Tengo una dicotomía con la Navidad. Camino
con una sonrisa bobona por las avenidas mirando las luces que cruzan de lado a
lado las calles, me paro a contemplar los numerosos adornos que cuelgan de los abetos —sobre todo
esos de corte escandinavo—, monto con la ilusión de un niño un poblado navideño
victoriano, y escucho —e incluso canto, aunque no muy afinadamente— villancicos
y canciones de Bing Crosby.
Pero padezco antropofobia. Esto me acarrea un
insalvable conflicto de intereses.
Se supone que la Navidad es un tiempo de
reflexión en el que acercarte y amar a tu prójimo. Lo he intentado durante
varias décadas, lo de amarles digo, y no hay gato más escaldado que yo.
Tropezar años en la misma piedra ha sido suficiente para llevarla incrustada
como estigma en la frente.
En ocasiones me imagino cómo sería entrar en
un centro comercial desierto, con pequeñas luces parpadeantes que se iluminen a
mi paso, un dulzón olor a pastel de manzana y canela, donde resuene Santa Claus Is Comin' To Town y las
tiendas de juguetes estén repletas de osos de peluche y trenes de madera. Lo
reconozco, la imagen puede tornarse escalofriante; como de novela de terror al
más puro estilo Stephen King, donde un papá Noel asesino o zombi se te aparece sosteniendo
en una mano una campana y en la otra un cuchillo goteando sangre.

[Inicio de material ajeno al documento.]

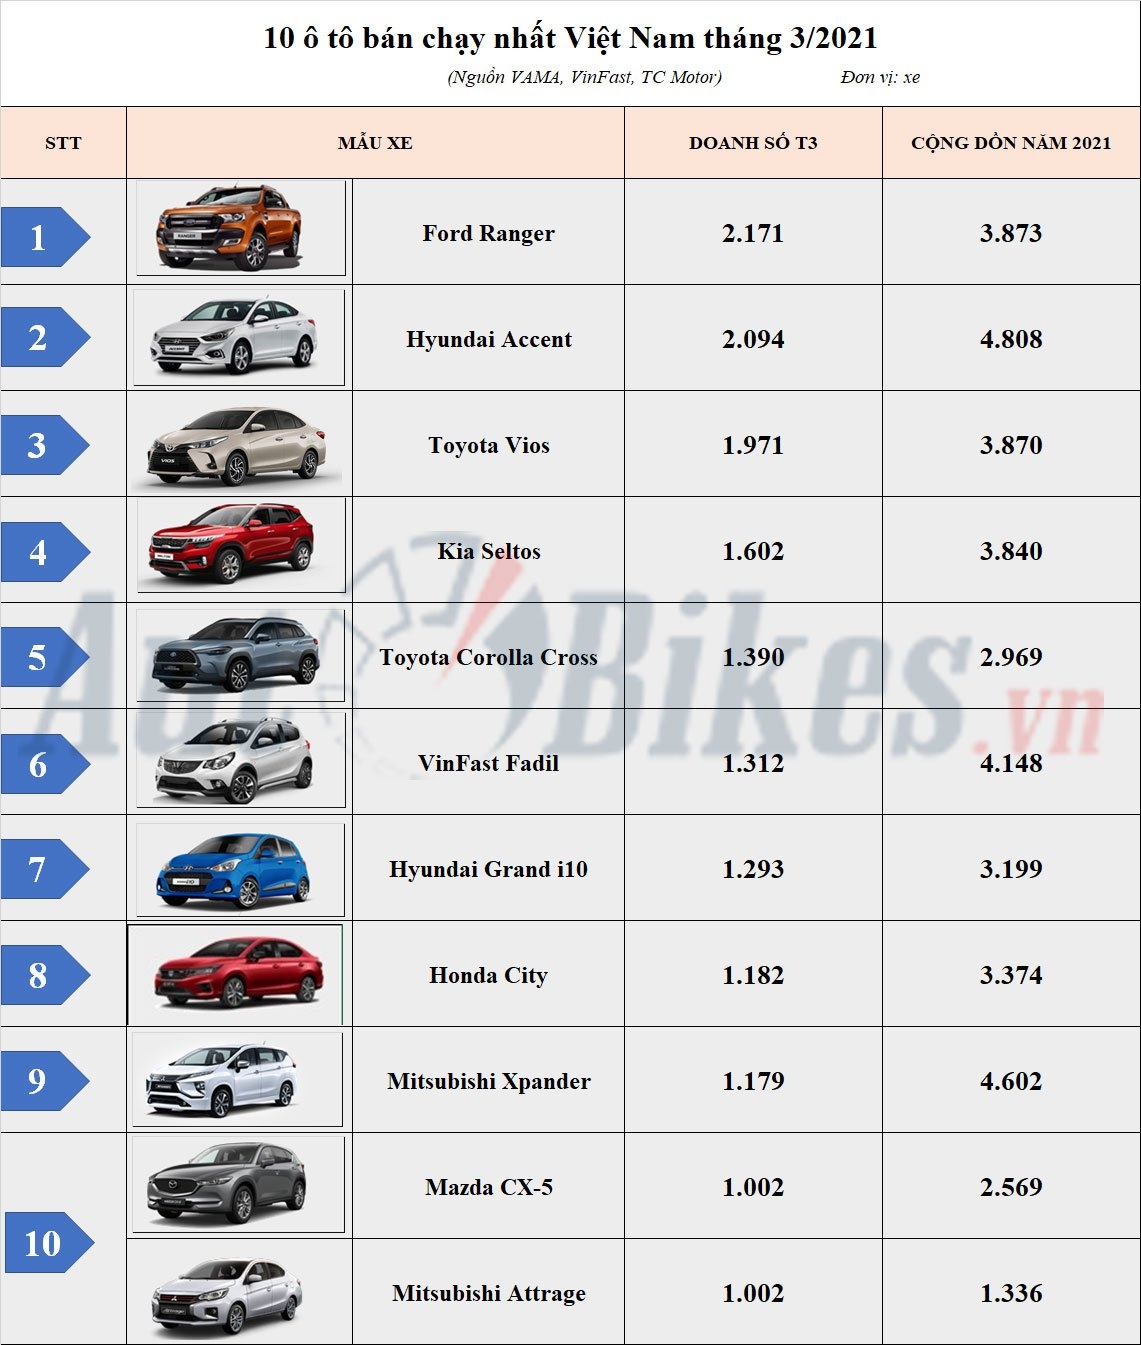 Top 10 ô tô bán chạy nhất Việt Nam tháng 3: Ford Ranger lên ngôi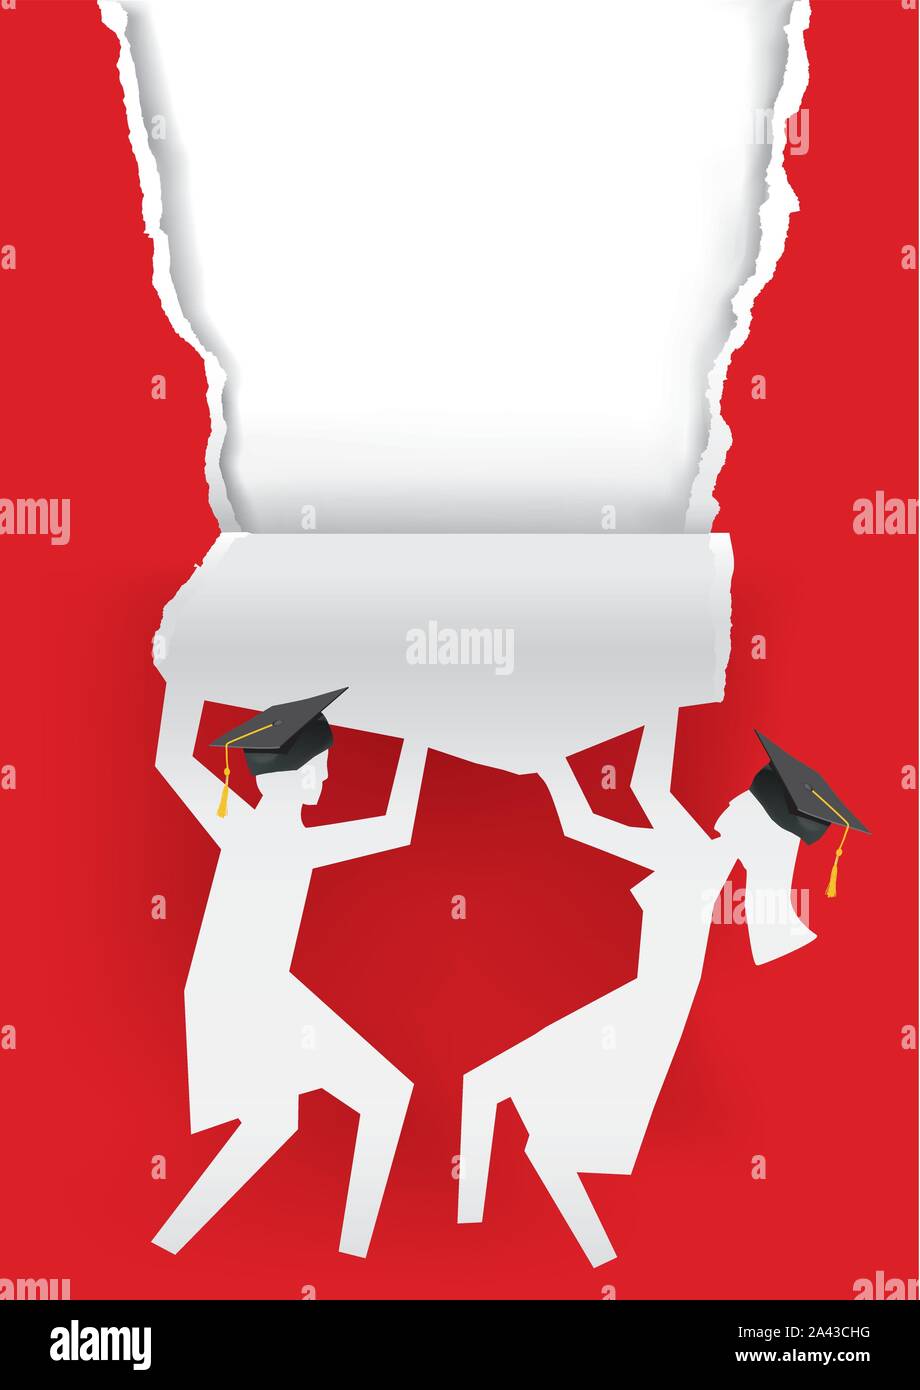 Amd Fille Garçon diplômés, déchiré papier rouge arrière-plan. Illustration de deux étudiants silhouettes de papier déchiré avec mortier. Modèle pour l'exer Illustration de Vecteur

Pesadillas de navidad a parte, es imposible disfrutar
de los villancicos cuando una horda de niños hiperactivos y ególatras reclaman
con inusitada tiranía todo tipo de juguetes a sus padres. En los excepcionales
casos de no conseguir sus objetivos —algunos de ellos con una visionaria estrategia
bélica— se tiran al suelo y berrean hasta alcanzar su propósito.
La compasión que me inspiran sus padres, en
un primer momento, desaparece rápidamente cuando reconozco que dicha conducta
está permitida y alentada por los mismos.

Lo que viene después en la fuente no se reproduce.